We retain personal information only for as long as is necessary for the purpose it was collected, or as required by law. As a general rule, personal information associated with assessment data is anonymised after a period of 18 months, at our discretion, unless a longer retention period is agreed with our client or required by law.

Cross-border transfers. Some of our assessment platforms and service providers are hosted outside South Africa. Where personal information is transferred outside the Republic, we do so only on a basis permitted under Section 72 of POPIA — typically where the recipient is subject to a law, binding corporate rules or a binding agreement that provides an adequate level of protection substantially similar to POPIA.
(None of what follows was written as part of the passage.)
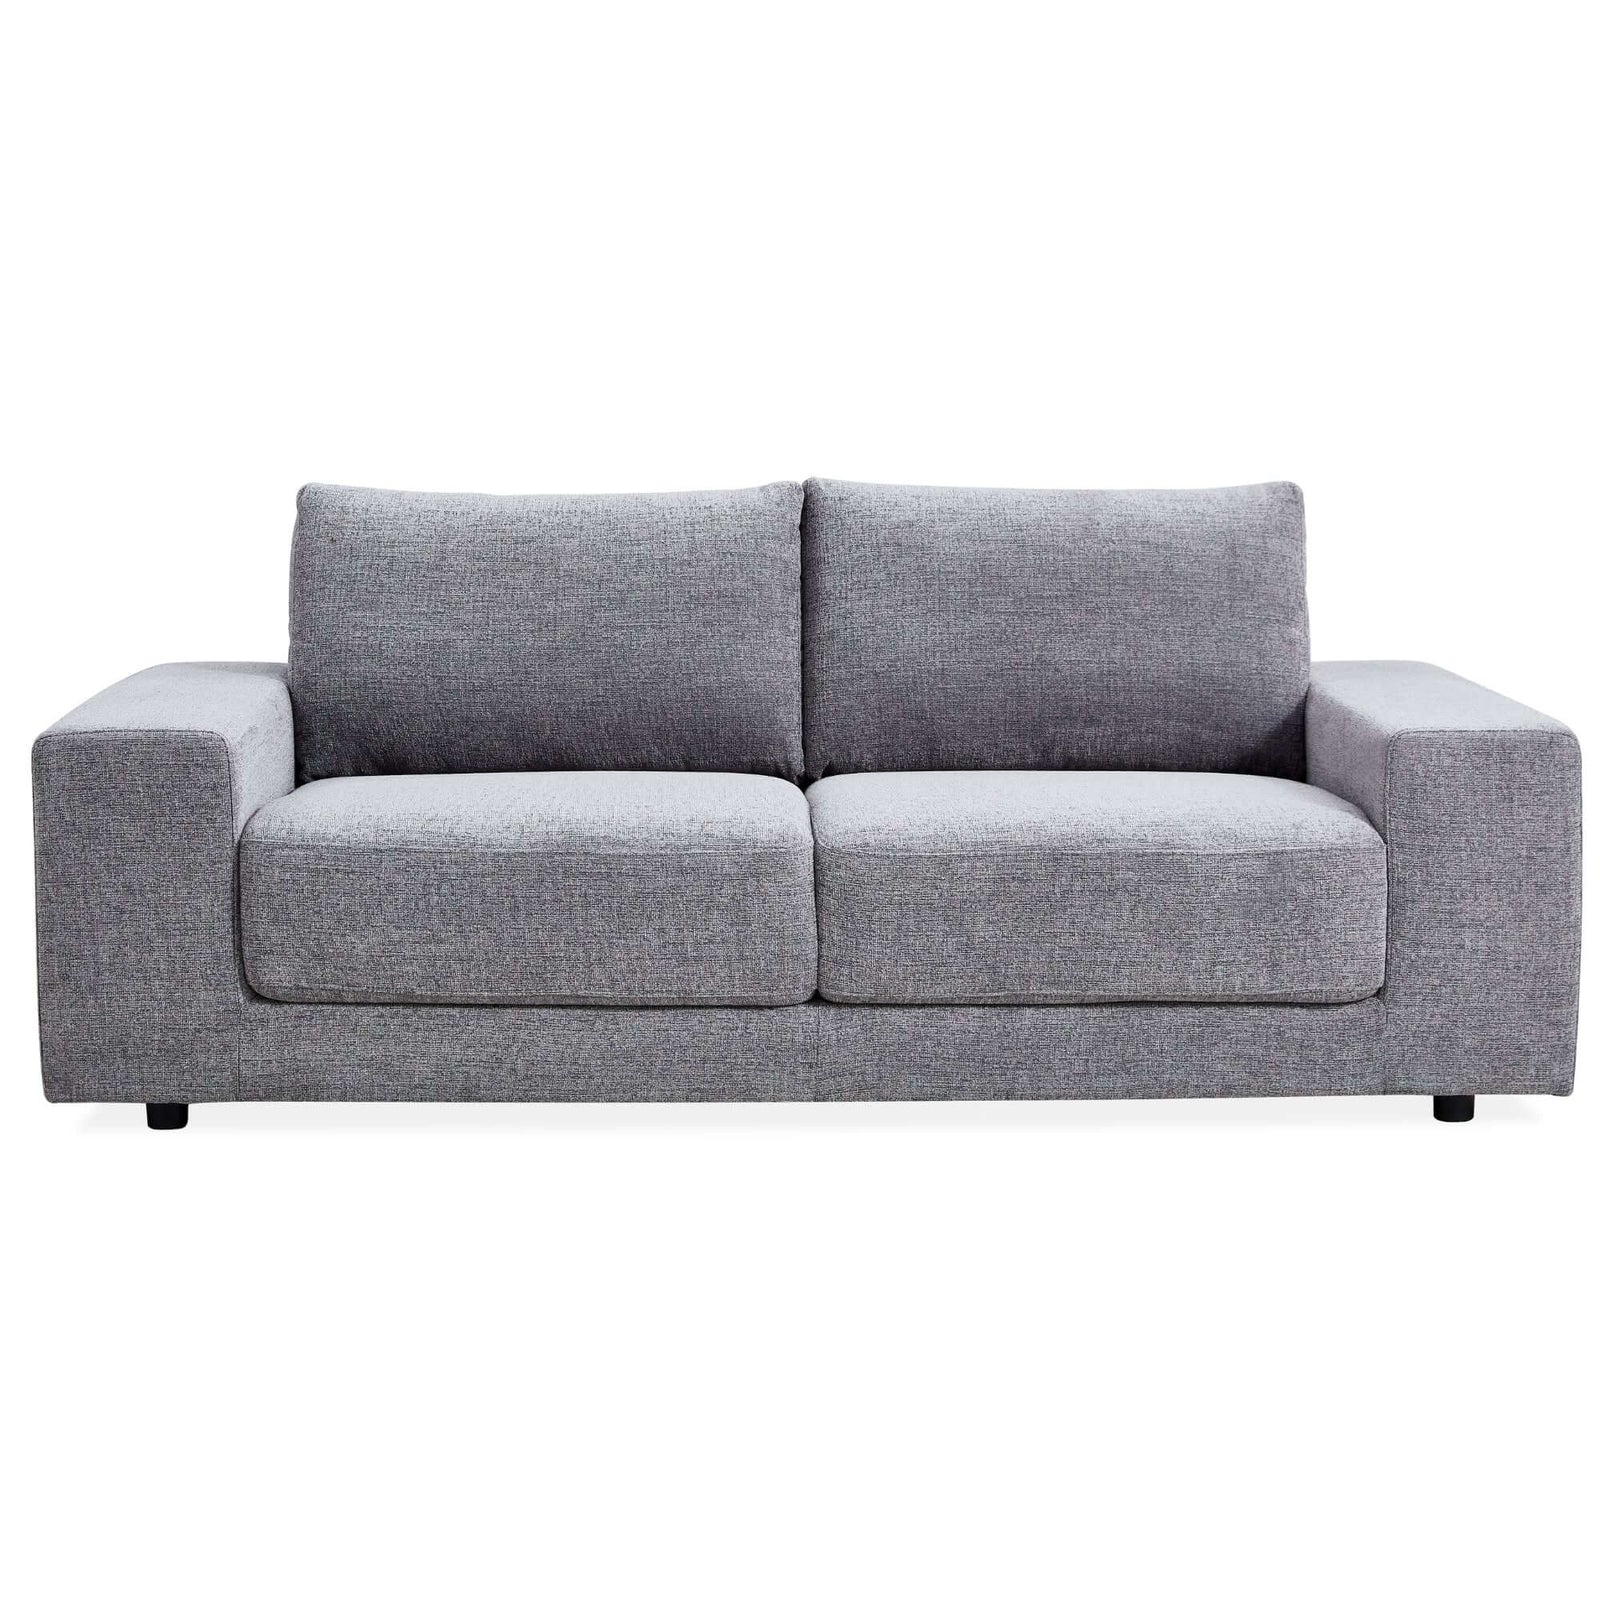 Eliana 3 Seater Sofa Fabric Uplholstered Lounge Couch - Fog-Upinteriors

5. Your Rights Under POPIA

As a data subject under POPIA you have the following rights:

• Right of access — you may request confirmation of whether we hold personal information about you and a copy of that information.
• Right to correction or deletion — you may request that we correct inaccurate or incomplete information, or delete information that is no longer required for the purpose it was collected.
• Right to object — you may object, on reasonable grounds, to the processing of your personal information.
• Right to withdraw consent — where we process your personal information on the basis of consent, you may withdraw that consent at any time. This will not affect the lawfulness of processing carried out before the withdrawal.
• Right to data portability — where technically feasible and where required, you may request that certain personal information be transferred to another party.
• Right to lodge a complaint — you may complain to the Information Regulator of South Africa if you believe your information has been processed unlawfully.

You are not required to pay any charge for exercising your rights. We will respond to a request within the time periods required by POPIA, typically as soon as reasonably possible.

6. How to Contact Us

If you have any questions about this Privacy Policy, or if you would like to exercise any of your rights under POPIA, please contact us:

7. How to Lodge a Complaint

If you have any concerns about how we have handled your personal information, please contact us first so we can try to resolve the matter.

If you remain unhappy, you have the right to lodge a complaint with the Information Regulator of South Africa:

8. Changes to This Policy

We may update this Privacy Policy from time to time to reflect changes in our services, in applicable law or in our data-handling practices. The effective date at the top of this page indicates when the current version took effect.